In wireless communications of fourth generation the expectation to assimilate a hypothetically numerous heterogeneous wireless technologies are happened under consideration of a novel step toward worldwide smooth access. As the popularity of mobile wireless networks increases as well the challenges of merging a various number of wireless networks increases. Everyone around the world likes to have the best services through best network [11]. Therefore, the aim of NGWNs is to provide a good quality of services between various access networks [24]. To access different networks, there must be a decision algorithm to decide which is the best network for a user for a specific application. This paper presents an Overview of handoff types, handoff process, the criteria involved in VHD, parameters, Existing work on the vertical handoff with comparison tables, Analysis and Various research issues.

Received signal strength must be strong enough to maintain the on-going connection. A FIS (Fuzzy Inference System) is used to compute accurately the handoff factor to determine whether a handoff initiation is necessary. When a mobile roams in a heterogeneous networks, two vertical handoff scenes are taken into consideration i.e. handoff from UMTS to WLAN and from WLAN to UMTS. The system proposed is a fuzzy rule based handoff decision system which considers Mobile-Controlled Handoff and some assistance from the network. The mobile node continuously monitors the Received Signal Strength (RSS) of the current network and the condition of the handoff.

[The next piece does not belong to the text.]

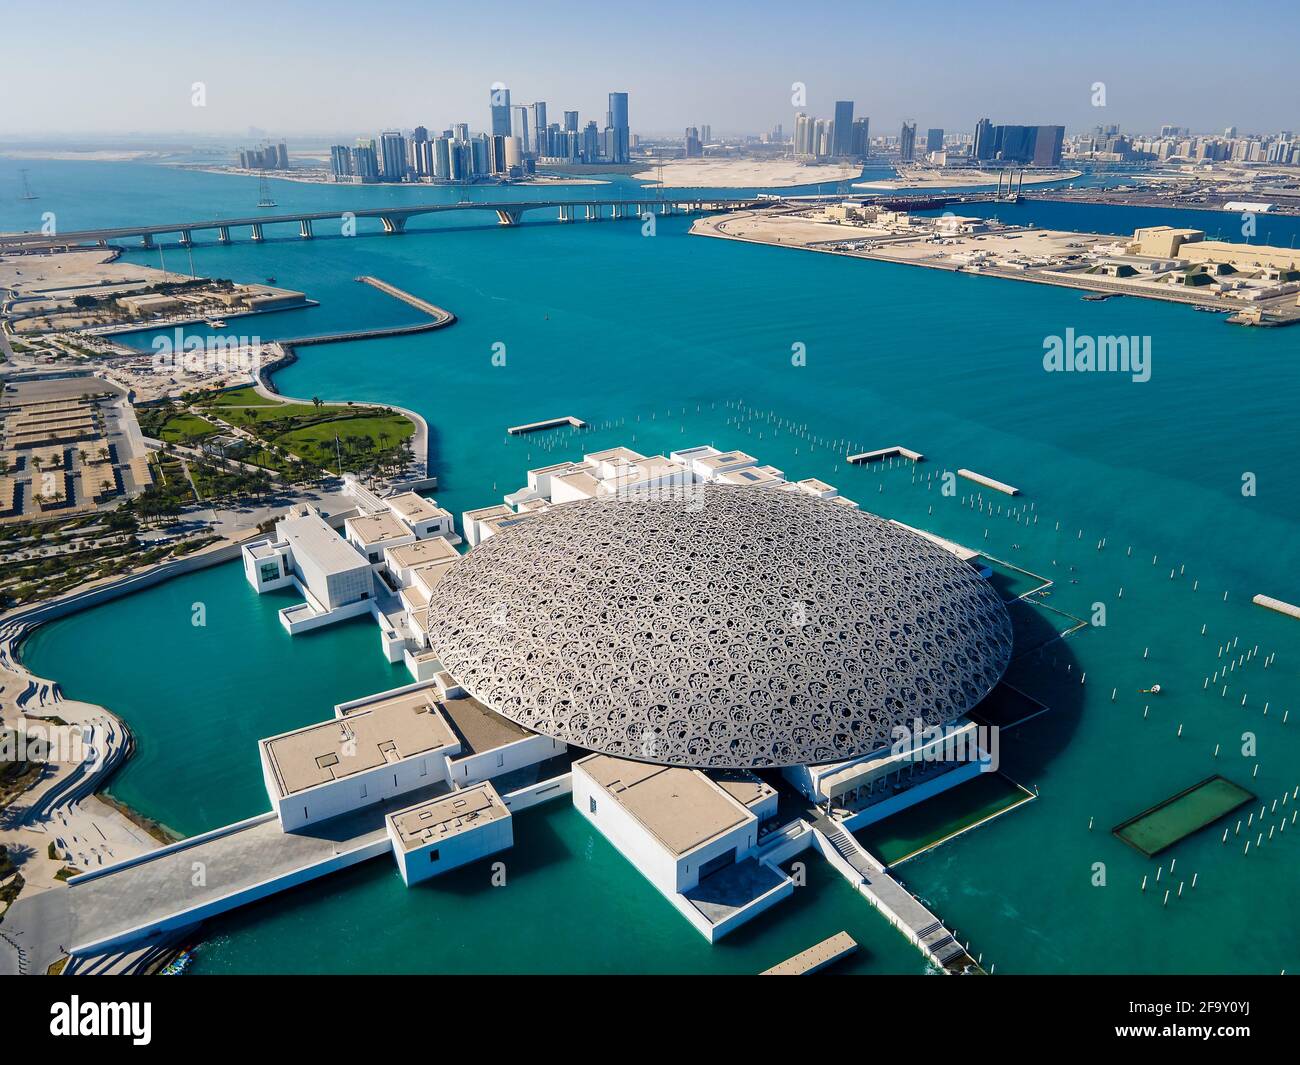 Abu Dhabi, Emirati Arabi Uniti - 6 aprile 2021: Museo del Louvre e paesaggio urbano aereo di Abu Dhabi che si innalzano dalle acque marine dell'Emirati Arabi Uniti Foto Stock

A number of algorithms have been designed for vertical handoff decision making. Few of them have been explained with their significance in this literature. Jyothi madaan et al.[3] have proposed a vertical handoff decision algorithm using Predicted Received signal strength and Dwell time. Battery power, network performance, and cost of service are the Parameters considered. Unnecessary handoffs are reduced by using this method, User preferences are not considered. Ms.Ashima et al. [4] have proposed an algorithm based on fuzzy logic quantitative decision algorithm with QoS fuzzy rule. Bandwidth, End-to-End Delay, Jitter, and Bit Error Rate (BER) are the parameters considered. Handoffs are reduced by using this method User preferences are not considered.

A Fuzzy MADM based numerical solution for vertical handoff decisions was first introduced by Zhang [6] (2004), where imprecise, or fuzzy data in terms of Linguistic Variables is used to specify network parameters and user preferences in the form of weights. These Linguistic Variables are first converted into crisp numbers using a fuzzy number conversion scale and then classical MADM methods like SAW and TOPSIS are applied to voice and Background traffic. The results indicate that TOPSIS is more sensitive to user-preferences and network-parameter values, and that SAW gives relative conservative ranking results.